Problem details:
Without omitting anything, return the records precisely as given.

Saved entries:
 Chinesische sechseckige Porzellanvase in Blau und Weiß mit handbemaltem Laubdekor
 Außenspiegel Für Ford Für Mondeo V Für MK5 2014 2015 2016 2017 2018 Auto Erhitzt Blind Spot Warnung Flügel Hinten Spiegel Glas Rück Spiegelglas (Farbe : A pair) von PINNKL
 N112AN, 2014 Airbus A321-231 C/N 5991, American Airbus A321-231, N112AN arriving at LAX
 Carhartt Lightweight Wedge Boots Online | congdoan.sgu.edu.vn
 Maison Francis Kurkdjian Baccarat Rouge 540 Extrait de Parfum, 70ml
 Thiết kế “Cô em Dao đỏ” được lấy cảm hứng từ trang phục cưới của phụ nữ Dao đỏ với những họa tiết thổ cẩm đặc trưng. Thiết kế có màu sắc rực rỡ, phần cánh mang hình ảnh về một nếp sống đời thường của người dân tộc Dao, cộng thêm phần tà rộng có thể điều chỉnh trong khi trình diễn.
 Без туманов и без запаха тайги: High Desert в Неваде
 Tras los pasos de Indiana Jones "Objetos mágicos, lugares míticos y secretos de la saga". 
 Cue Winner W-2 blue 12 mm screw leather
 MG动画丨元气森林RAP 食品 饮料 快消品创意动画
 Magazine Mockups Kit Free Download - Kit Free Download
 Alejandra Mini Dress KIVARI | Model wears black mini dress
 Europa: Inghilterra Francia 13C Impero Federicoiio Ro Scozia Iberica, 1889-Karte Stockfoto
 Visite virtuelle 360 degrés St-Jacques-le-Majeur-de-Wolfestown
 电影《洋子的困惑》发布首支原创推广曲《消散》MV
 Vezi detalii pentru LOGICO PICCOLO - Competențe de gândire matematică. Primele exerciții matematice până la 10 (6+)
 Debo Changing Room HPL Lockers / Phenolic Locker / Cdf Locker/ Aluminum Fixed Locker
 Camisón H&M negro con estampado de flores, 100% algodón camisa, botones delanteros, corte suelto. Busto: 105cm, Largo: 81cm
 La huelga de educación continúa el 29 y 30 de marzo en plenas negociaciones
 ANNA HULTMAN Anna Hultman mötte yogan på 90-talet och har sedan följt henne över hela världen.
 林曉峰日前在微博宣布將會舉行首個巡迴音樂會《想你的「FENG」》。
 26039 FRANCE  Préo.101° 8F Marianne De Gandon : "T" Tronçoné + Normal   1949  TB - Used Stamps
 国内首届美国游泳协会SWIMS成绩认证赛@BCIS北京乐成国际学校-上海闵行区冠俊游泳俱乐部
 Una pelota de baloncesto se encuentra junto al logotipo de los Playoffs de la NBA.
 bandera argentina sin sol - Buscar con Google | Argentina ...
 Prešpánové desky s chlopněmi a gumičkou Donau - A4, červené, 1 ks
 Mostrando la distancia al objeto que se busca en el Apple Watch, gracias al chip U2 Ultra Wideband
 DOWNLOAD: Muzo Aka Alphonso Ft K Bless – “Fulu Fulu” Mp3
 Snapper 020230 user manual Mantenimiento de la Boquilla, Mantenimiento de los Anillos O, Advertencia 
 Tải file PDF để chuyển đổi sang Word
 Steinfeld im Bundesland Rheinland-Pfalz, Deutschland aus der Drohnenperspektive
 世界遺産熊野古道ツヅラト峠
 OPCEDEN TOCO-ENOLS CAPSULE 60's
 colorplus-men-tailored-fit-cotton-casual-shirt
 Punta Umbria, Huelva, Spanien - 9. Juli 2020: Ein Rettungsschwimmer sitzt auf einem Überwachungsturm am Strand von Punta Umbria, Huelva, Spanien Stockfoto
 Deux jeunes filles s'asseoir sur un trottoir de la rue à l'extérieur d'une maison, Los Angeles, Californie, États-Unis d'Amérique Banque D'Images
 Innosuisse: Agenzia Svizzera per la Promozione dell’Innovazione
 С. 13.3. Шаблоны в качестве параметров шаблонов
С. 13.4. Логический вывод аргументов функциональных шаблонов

Exercise output:
 Chinesische sechseckige Porzellanvase in Blau und Weiß mit handbemaltem Laubdekor
 Außenspiegel Für Ford Für Mondeo V Für MK5 2014 2015 2016 2017 2018 Auto Erhitzt Blind Spot Warnung Flügel Hinten Spiegel Glas Rück Spiegelglas (Farbe : A pair) von PINNKL
 N112AN, 2014 Airbus A321-231 C/N 5991, American Airbus A321-231, N112AN arriving at LAX
 Carhartt Lightweight Wedge Boots Online | congdoan.sgu.edu.vn
 Maison Francis Kurkdjian Baccarat Rouge 540 Extrait de Parfum, 70ml
 Thiết kế “Cô em Dao đỏ” được lấy cảm hứng từ trang phục cưới của phụ nữ Dao đỏ với những họa tiết thổ cẩm đặc trưng. Thiết kế có màu sắc rực rỡ, phần cánh mang hình ảnh về một nếp sống đời thường của người dân tộc Dao, cộng thêm phần tà rộng có thể điều chỉnh trong khi trình diễn.
 Без туманов и без запаха тайги: High Desert в Неваде
 Tras los pasos de Indiana Jones "Objetos mágicos, lugares míticos y secretos de la saga". 
 Cue Winner W-2 blue 12 mm screw leather
 MG动画丨元气森林RAP 食品 饮料 快消品创意动画
 Magazine Mockups Kit Free Download - Kit Free Download
 Alejandra Mini Dress KIVARI | Model wears black mini dress
 Europa: Inghilterra Francia 13C Impero Federicoiio Ro Scozia Iberica, 1889-Karte Stockfoto
 Visite virtuelle 360 degrés St-Jacques-le-Majeur-de-Wolfestown
 电影《洋子的困惑》发布首支原创推广曲《消散》MV
 Vezi detalii pentru LOGICO PICCOLO - Competențe de gândire matematică. Primele exerciții matematice până la 10 (6+)
 Debo Changing Room HPL Lockers / Phenolic Locker / Cdf Locker/ Aluminum Fixed Locker
 Camisón H&M negro con estampado de flores, 100% algodón camisa, botones delanteros, corte suelto. Busto: 105cm, Largo: 81cm
 La huelga de educación continúa el 29 y 30 de marzo en plenas negociaciones
 ANNA HULTMAN Anna Hultman mötte yogan på 90-talet och har sedan följt henne över hela världen.
 林曉峰日前在微博宣布將會舉行首個巡迴音樂會《想你的「FENG」》。
 26039 FRANCE  Préo.101° 8F Marianne De Gandon : "T" Tronçoné + Normal   1949  TB - Used Stamps
 国内首届美国游泳协会SWIMS成绩认证赛@BCIS北京乐成国际学校-上海闵行区冠俊游泳俱乐部
 Una pelota de baloncesto se encuentra junto al logotipo de los Playoffs de la NBA.
 bandera argentina sin sol - Buscar con Google | Argentina ...
 Prešpánové desky s chlopněmi a gumičkou Donau - A4, červené, 1 ks
 Mostrando la distancia al objeto que se busca en el Apple Watch, gracias al chip U2 Ultra Wideband
 DOWNLOAD: Muzo Aka Alphonso Ft K Bless – “Fulu Fulu” Mp3
 Snapper 020230 user manual Mantenimiento de la Boquilla, Mantenimiento de los Anillos O, Advertencia 
 Tải file PDF để chuyển đổi sang Word
 Steinfeld im Bundesland Rheinland-Pfalz, Deutschland aus der Drohnenperspektive
 世界遺産熊野古道ツヅラト峠
 OPCEDEN TOCO-ENOLS CAPSULE 60's
 colorplus-men-tailored-fit-cotton-casual-shirt
 Punta Umbria, Huelva, Spanien - 9. Juli 2020: Ein Rettungsschwimmer sitzt auf einem Überwachungsturm am Strand von Punta Umbria, Huelva, Spanien Stockfoto
 Deux jeunes filles s'asseoir sur un trottoir de la rue à l'extérieur d'une maison, Los Angeles, Californie, États-Unis d'Amérique Banque D'Images
 Innosuisse: Agenzia Svizzera per la Promozione dell’Innovazione
 С. 13.3. Шаблоны в качестве параметров шаблонов
С. 13.4. Логический вывод аргументов функциональных шаблонов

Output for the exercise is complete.